In any solution, the vapor above the solution will be a combination of all of the volatile components in the solution, but it will have more of the component that evaporates more easily (i.e., the more volatile substance). In other words, the vapor above a 50/50 mixture of two different liquids will have more than 50% of the component having a higher volatility, and the gases from the less volatile liquid would constitute less than 50%. If one were to collect the gases above the mixture and condense them (turn them back to liquid), the condensed liquid would no longer be a 50/50 mixture. The condensed liquid would be “enriched” with the more-volatile liquid. Enriched means the condensed liquid would contain more than 50% of the more-volatile liquid and less than 50% of the less-volatile liquid. In a normal distillation process, the original mixture is heated to increase the rate at which the liquids evaporate so that the separation occurs more quickly.

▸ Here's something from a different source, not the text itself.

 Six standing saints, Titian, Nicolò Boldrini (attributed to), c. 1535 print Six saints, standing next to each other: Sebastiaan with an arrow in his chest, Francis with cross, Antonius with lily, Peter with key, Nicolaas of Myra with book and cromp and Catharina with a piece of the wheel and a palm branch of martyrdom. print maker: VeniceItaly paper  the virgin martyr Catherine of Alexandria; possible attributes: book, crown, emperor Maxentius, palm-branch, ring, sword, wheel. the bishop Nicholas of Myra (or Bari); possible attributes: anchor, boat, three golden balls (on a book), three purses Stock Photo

For example, standard distillation can separate pure water from a solution that contains table salt (NaCl) and water. The “normal” boiling point of water is 100° C., and the boiling point for NaCl is 1413° C. Because water has the lower boiling point, it is more volatile and evaporates more easily than does NaCl. In distillation of salt water, the mixture is heated until it boils. The water vaporizes but the NaCl does not to any measurable extent. The water vapor leaves the original container and is condensed back into liquid water. Since the NaCl never vaporized, it remained in the original container, and the condensed liquid is essentially pure water.
Distillation may also be used to separate the components of a mixture of ethanol and water. Because ethanol is more volatile than water, it evaporates more easily. The condensed liquid, after distillation of a mixture of ethanol and water is enriched in ethanol. The boiling point of ethanol is 78° C., and the boiling point of water is 100° C. Because these boiling points are so close to each other, several distillations are required to achieve maximum separation. Due to the fundamental natures of ethanol and water, 100% separation is not possible by simple distillation because an azeotrope forms. The maximum separation of ethanol and water by simple distillation is about 95% ethanol and 5% water solution.

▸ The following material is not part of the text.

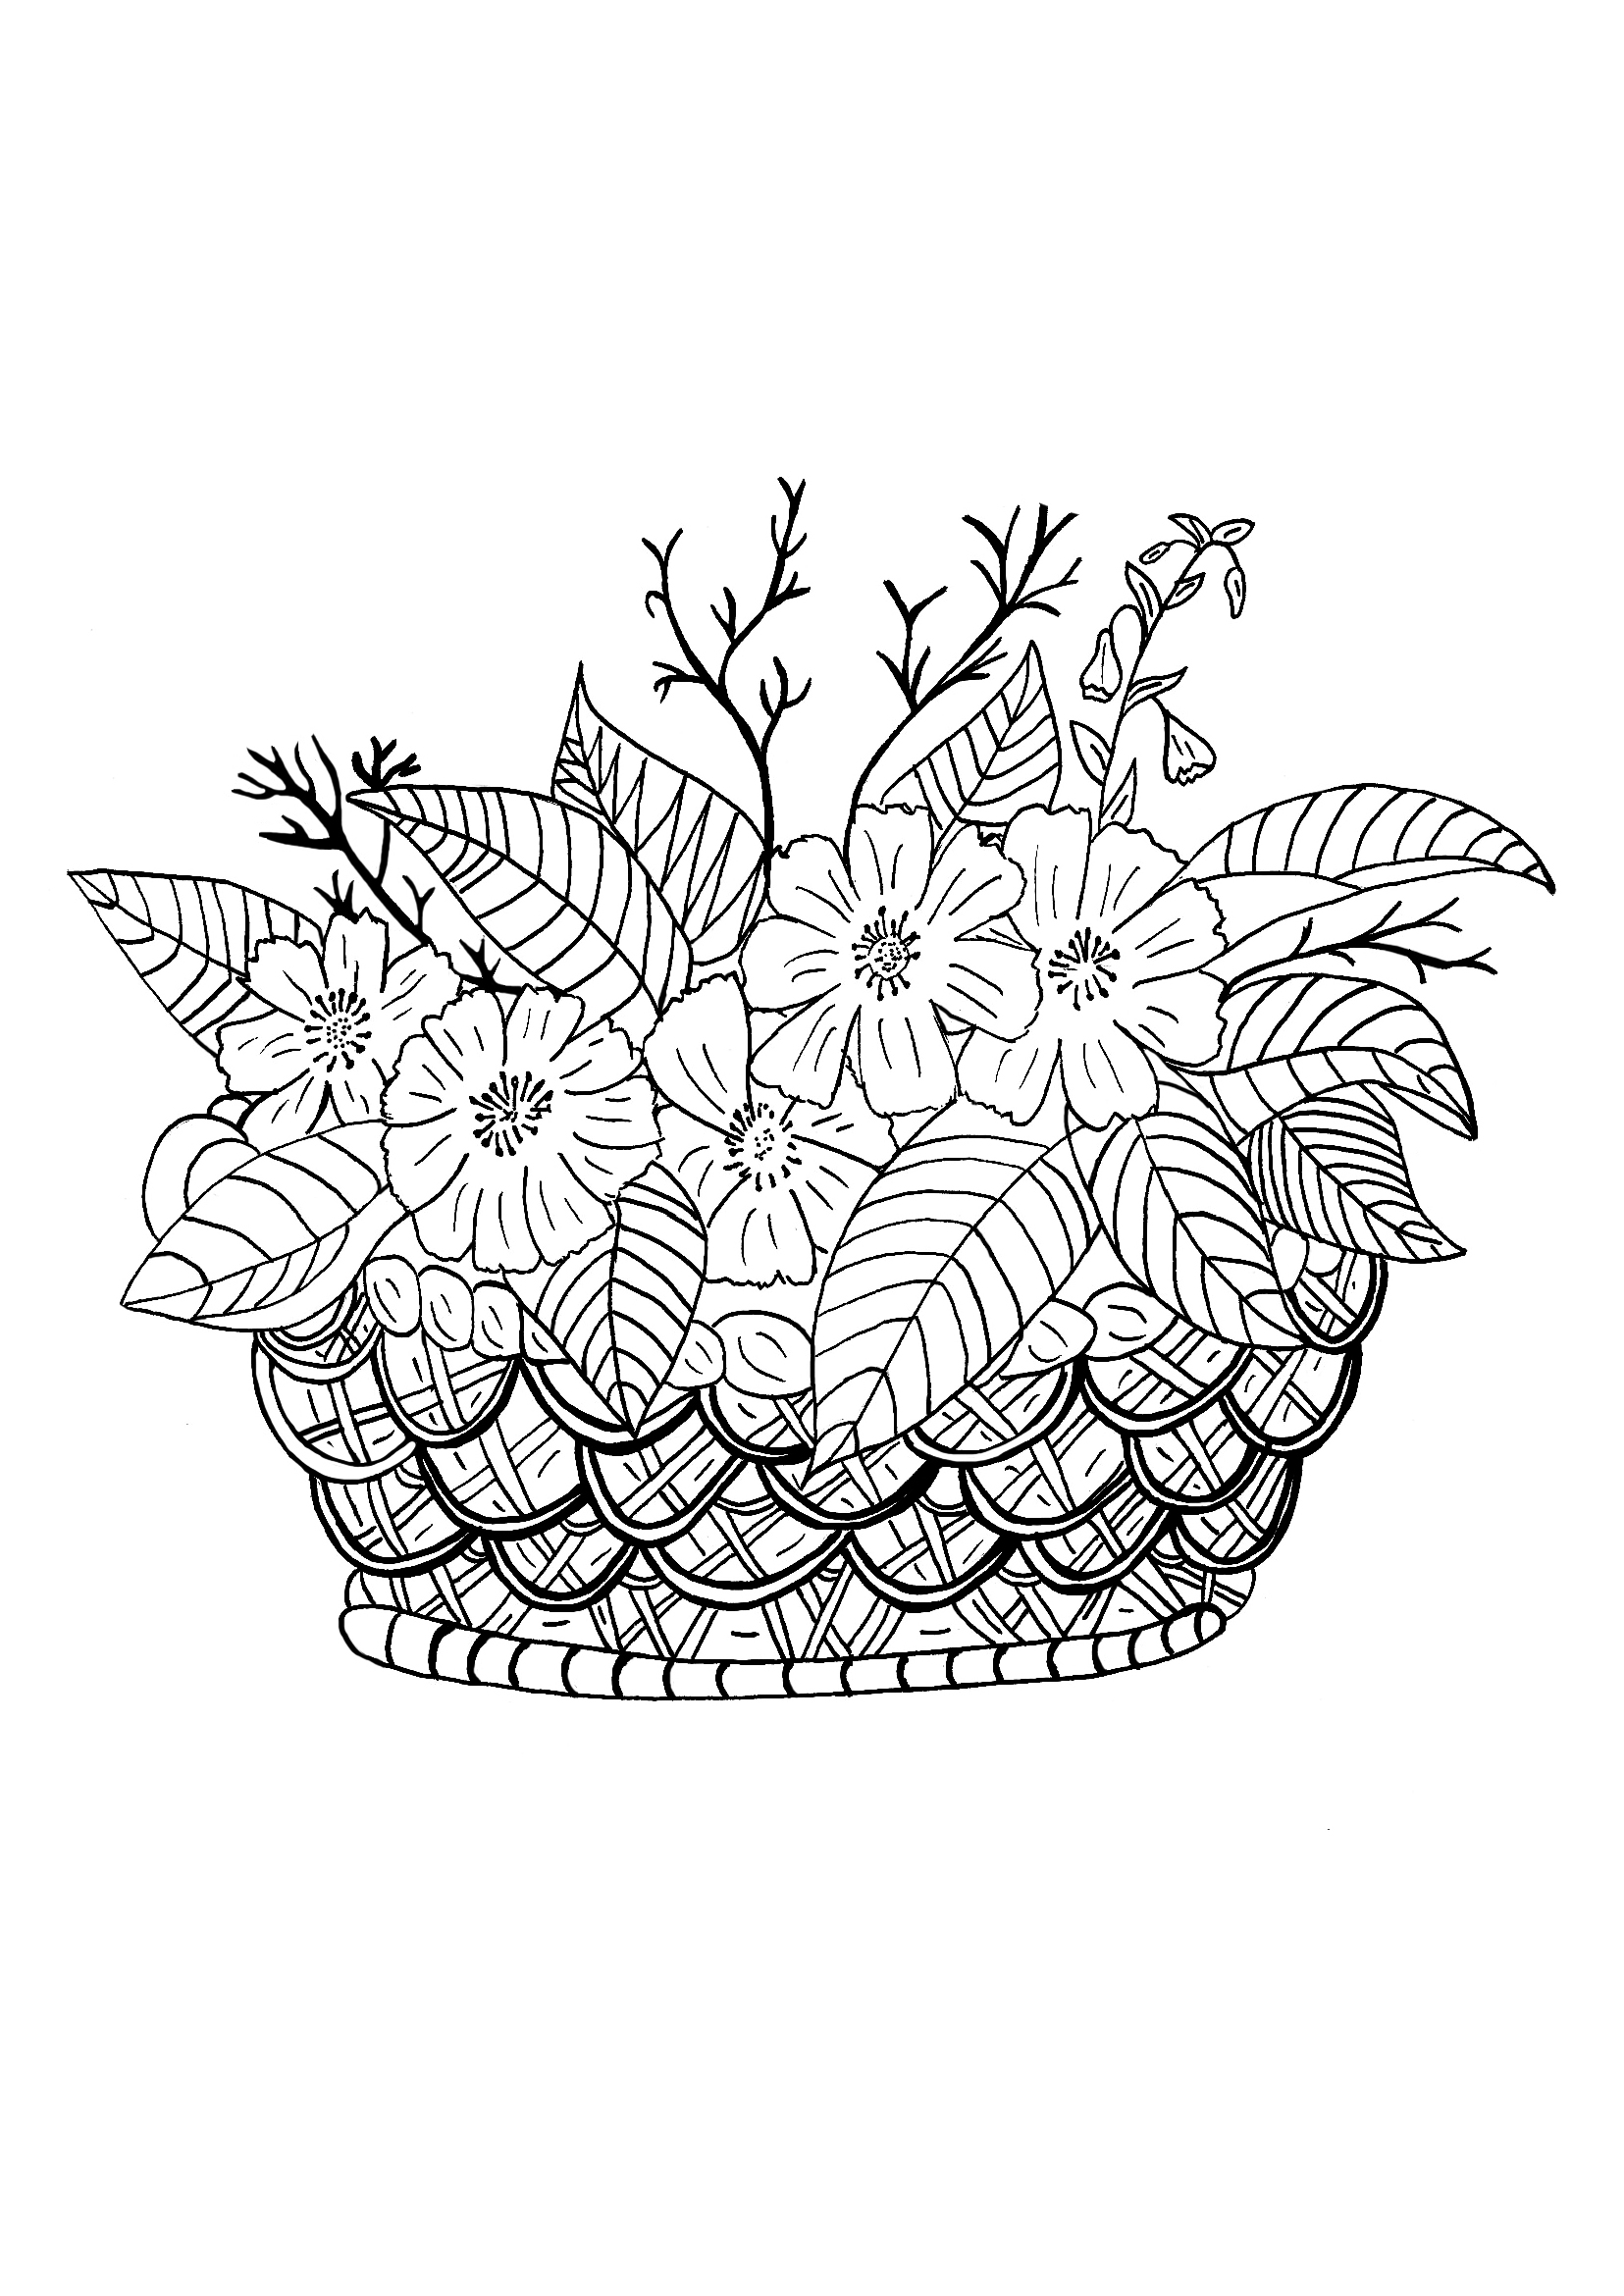 A basket, some flowers and a good moment for a coloring page, Artist : Celine

To get best separation distillation and condensation must be performed a number of times. By using a technique called fractional distillation, many distillations can occur at the same time. In a common oil refinery, this occurs in a fractionating tower, where the temperature at the top is lower than the temperature at the bottom. As a result, the gas fraction comes out at the top of the tower followed by gasoline, kerosene; diesel fuel, lubricating oil, and, finally, the asphalts at the bottom.
Azeotrope distillation utilizes or forms an azeotrope by adding a pure liquid to a liquid mixture to enhance the separability of two or more of the components with similar boiling points. Azeotropic distillation separates liquid mixtures according to their vapor pressures. A liquid mixture having components X and Y, where X and Y cannot be separated by the simple distillation described above, a third liquid Z can be added to create an azeotrope. Component Z, the entrainer, is chosen because it will form a relationship with component X such that they have the same proportions in both the liquid and vapor phases. This means that at a given temperature both Z and X will remain in the liquid phase and all of component Y will vaporize or Y will remain in the liquid phase and a portion of X and Z will vaporize. Maximum boiling point azeotropes are removed as bottoms and minimum boiling point azeotropes are removed as distillates.
In a typical azeotropic distillation procedure, a third component, such as benzene, isopropyl ether or cyclohexane, is added to an azeotropic mixture, such as ethyl alcohol/water, to form a ternary azeotrope. Since the ternary azeotrope is richer in water than the binary ethyl alcohol/water azeotrope, water is carried over the top of the column. The ternary azeotrope, when condensed, forms two phases. The organic phase is refluxed to the column while the aqueous phase is discharged to a third column for recovery of the entraining agent. Certain azeotropes such as the n-butanol/water mixture can be separated in a two-column system without the use of a third component. When condensed and decanted, this type of azeotrope forms two phases. The organic phase is fed back to the primary column and the butanol is recovered from the bottom of the still. The aqueous phase, meanwhile, is charged to the second column with the water being taken from the column bottom. The vapor streams from the top of both columns are condensed, and the condensates run to a common decanter.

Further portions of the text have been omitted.